Not to mention the absolute state of the sidewalks (where they even exist) between this part of town and the Paseo as well.

----------


## GoGators

At some point we are going to have to actually get serious about making these corridors safe for people. This should have been taken care of years ago. This is a complete failure  on the city of okc. It’s not the first time cars have hit the front of buildings in this area and it won’t be the last. People are going to get killed by this neglect.
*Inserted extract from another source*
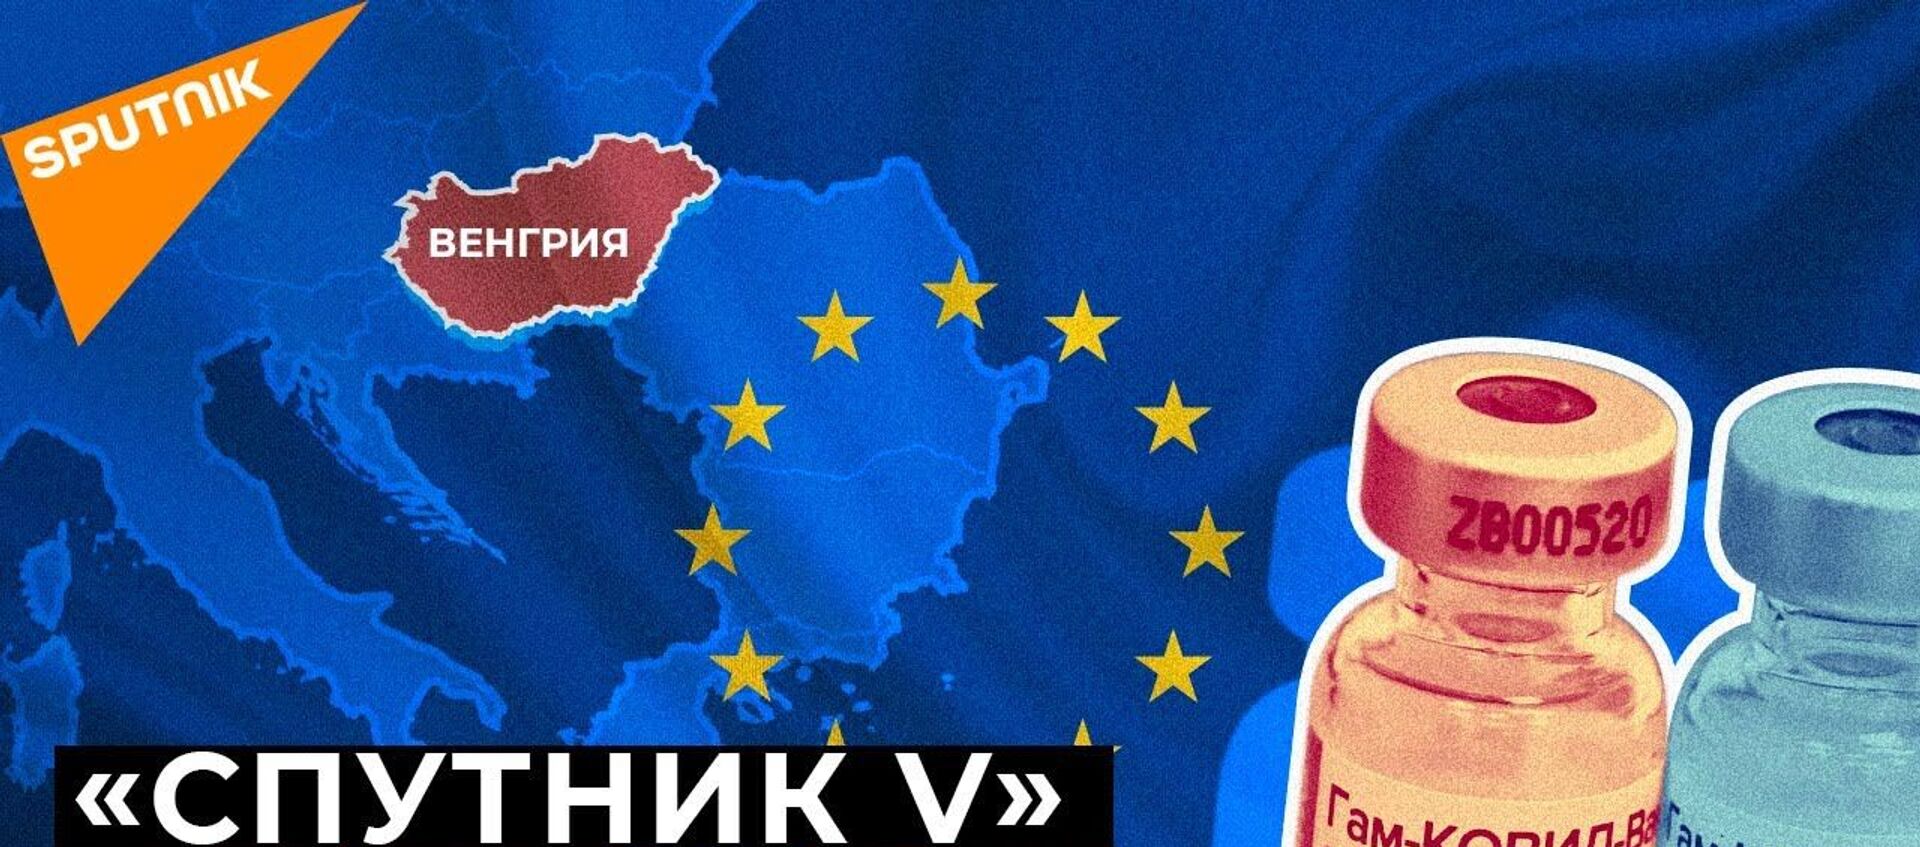 Спутник V в Евросоюзе: Венгрия получит два миллиона доз вакцины - Sputnik Латвия, 1920, 23.01.2021

An absolute embarrassment.

----------


## securityinfo

> i don't know about the accuracy of it ever being a house, but ct is right in that the property was cocina de mino prior to becoming ted's.  just to verify my recollection, i looked at the oklahoman archives... the first mention of the address is in 1984 (coinciding to when the assessor says the structure was built) as the may cafe.  the owner was getting opposition from the neighborhood when applying for a beer permit.  sometime between then and 1987, it became the second location of cocina de mino.  by 1993, the location was ted's cafe escondido when there was (again) drama with the neighborhood when the property owner applied for abc-2 so that the restaurant could serve mixed drinks.


Necropost.  I thought I might chime in here, as I was as "in" as anyone could be when TC started the restaurant.

The building was built as the "May Cafe" by John Culbertson, a local author and decorated Vietnam vet.  The May Cafe did not go over so well, but TC made friends with Culbertson, as TC's dad owned a rather large restaurant supply company.  It was also close to the neighborhood that TC's family lived in.

Culbertson then rented the building to the Concina De Mino folks for several years.  For some reasons I don't know, there was friction, and CdM was tossed at the end of one of the lease terms.

TC was in the planning stages for a restaurant, as his music recording studio was in the process of being sold off.  Culbertson offered him the opportunity to do his concept on the 68th st. location, and after some rocky starts, Ted's Cafe Escondido was officially born,  1991.  Ted never purchased the building from Culbertson, only leased it.  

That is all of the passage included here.